– У тебя очень хорошие шансы уцелеть в этой причудливой схватке. И даже выйти из нее победителем, – старик вдруг превращается в змия-искусителя, говорит льстиво, вкрадчиво; голосом, словно влажной бархоткой, сердце мне утирает. – Шесть жизней из девяти все еще твои, да и некий бессмертный оболтус напоил тебя однажды своей кровью – какое-никакое, а все же противоядие. Авось прорвешься. Только вообрази: ты можешь сделать то, что до сих пор никому не удавалось, совершить путешествие на потаенную изнанку вещей, постоять на самом краю собственной судьбы и вернуться обратно с удивительными трофеями.
– Но зачем это все? – спрашиваю устало. – В отличие от того, выдуманного, которым вы меня весь вечер стращаете, я не герой романа. У меня нет задачи прожить самую интересную жизнь в истории человечества. У меня совсем другая задача: жить как можно дольше и как можно счастливее. И если со стороны это будет выглядеть чрезвычайно скучно – что ж, я не против. Плевать мне на тех, кто смотрит «со стороны»… Зачем же в таком случае?
– Я уже говорил тебе, что ответа на вопрос «Зачем?» – не существует. Спроси: «Почему?» И я отвечу.
– Почему? – эхом повторяю я.
– Потому что в момент твоего рождения восхитительная шаровая туманность по имени Форамен заняла положенное ей место в третьем доме твоего гороскопа, да еще и в соединении с Прозерпиной, таинственной, малоизученной планетой, которая, согласно смелой гипотезе одного моего коллеги, оказывает влияние лишь на ту часть человеческой жизни, что протекает в иных мирах, – невозмутимо ответствует Франк.
Вот это, я понимаю, аргумент.

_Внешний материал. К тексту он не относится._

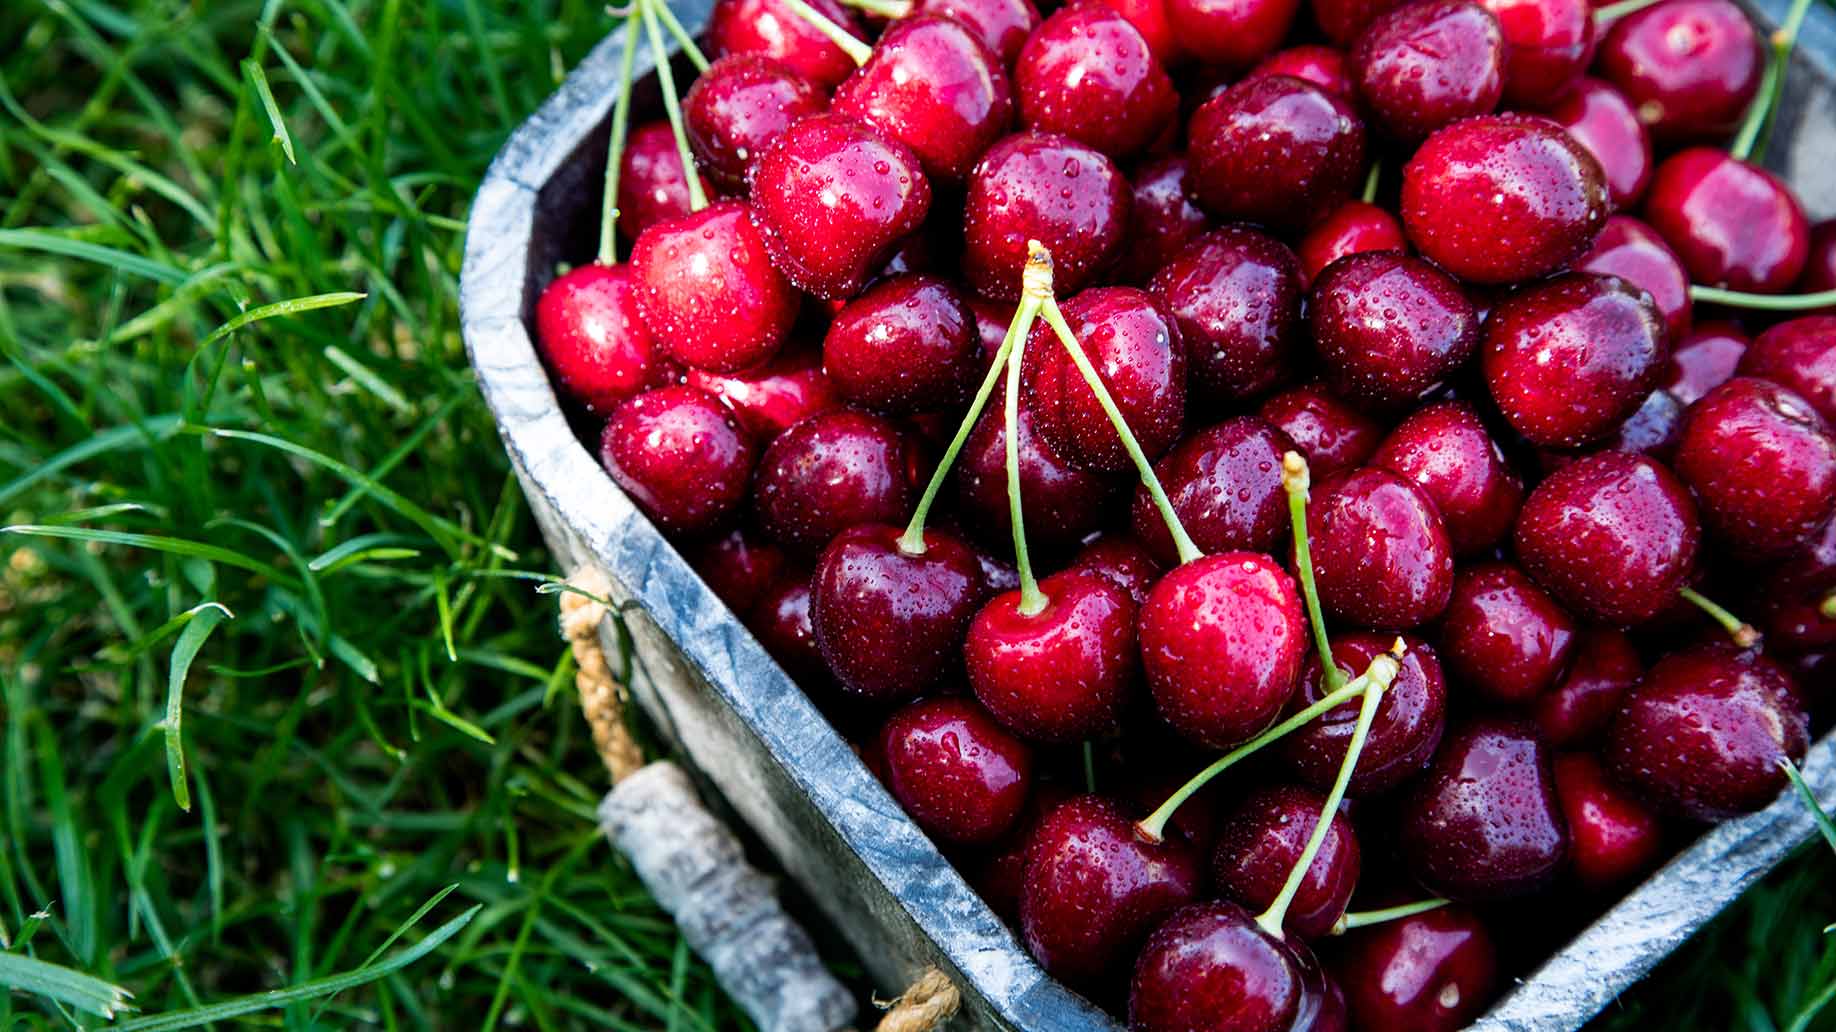 cherries cherry juice melatonin insomnia sleep disorder natural remedy aid

Приехали!
– Прекращайте издеваться. Что за «Форамен» такой?
– А разве я издеваюсь? – Франк невозмутим, но заметно, что он с удовольствием предвкушает грядущее выступление. – Если ты полагаешь, будто я выдумал эту туманность, могу сообщить тебе ее номер по каталогу Дрейера: NGC 3372. Название «Форамен» означает «отверстие» или «дыра», как тебе будет угодно. Предмет нашей беседы – это, строго говоря, большое облако ионизированного водорода в южной части Млечного Пути. Светлая диффузная эмиссионная галактическая туманность, которая окружает одноименную звезду, Эту Киля. Одна из самых необычных среди всех когда-либо наблюдавшихся звезд и одна из самых ярких по болометрической величине,
[14]
если этот термин тебе хоть что-то говорит… Но нас интересуют не столько астрономические данные, сколько астрологические выкладки, не так ли? Так вот, оная туманность Форамен – не просто сверкающее скопление новорожденных звездочек, а грозная владычица метаморфоз и перевоплощений, сулящая тебе встречи с существами иной природы, двойственность сознания и чудесные превращения.
[15]
К слову сказать, именно она – твой магический пропуск в этот дом и в мое сердце, единственная причина, по которой я с тобой нянчусь… Далее. По иронии судьбы, волшебная эта туманность находится не где-нибудь, а именно в третьем доме твоего гороскопа, отвечающем за начальное – заметь, не какое-нибудь, а именно начальное! – образование. Такое положение туманности Форамен в натальной карте заменяет добрую сотню лет самоотверженных трудов и исканий. Вот почему чудеса, которые никому в руки не даются, сами гоняются за тобой во сне и наяву, вот почему они не оставляют тебя в покое, хоть и воротишь ты от них рожу, как красна девица от незавидных женихов… Но любая палка, как известно, о двух концах. Туманность Форамен чрезвычайно опасна для обычного человека. И с ума может свести, и к героину приохотить, и маниями опасными наделить. Поэтому нормальная жизнь – не для тебя. Сгоришь заживо, завершишь свой путь в смирительной рубашке. И в этом смысле твой выдуманный двойник – спасение. Кнут, который будет гнать тебя в нужном направлении. Пока он есть, твоя жизнь не наладится. Не станет обычной.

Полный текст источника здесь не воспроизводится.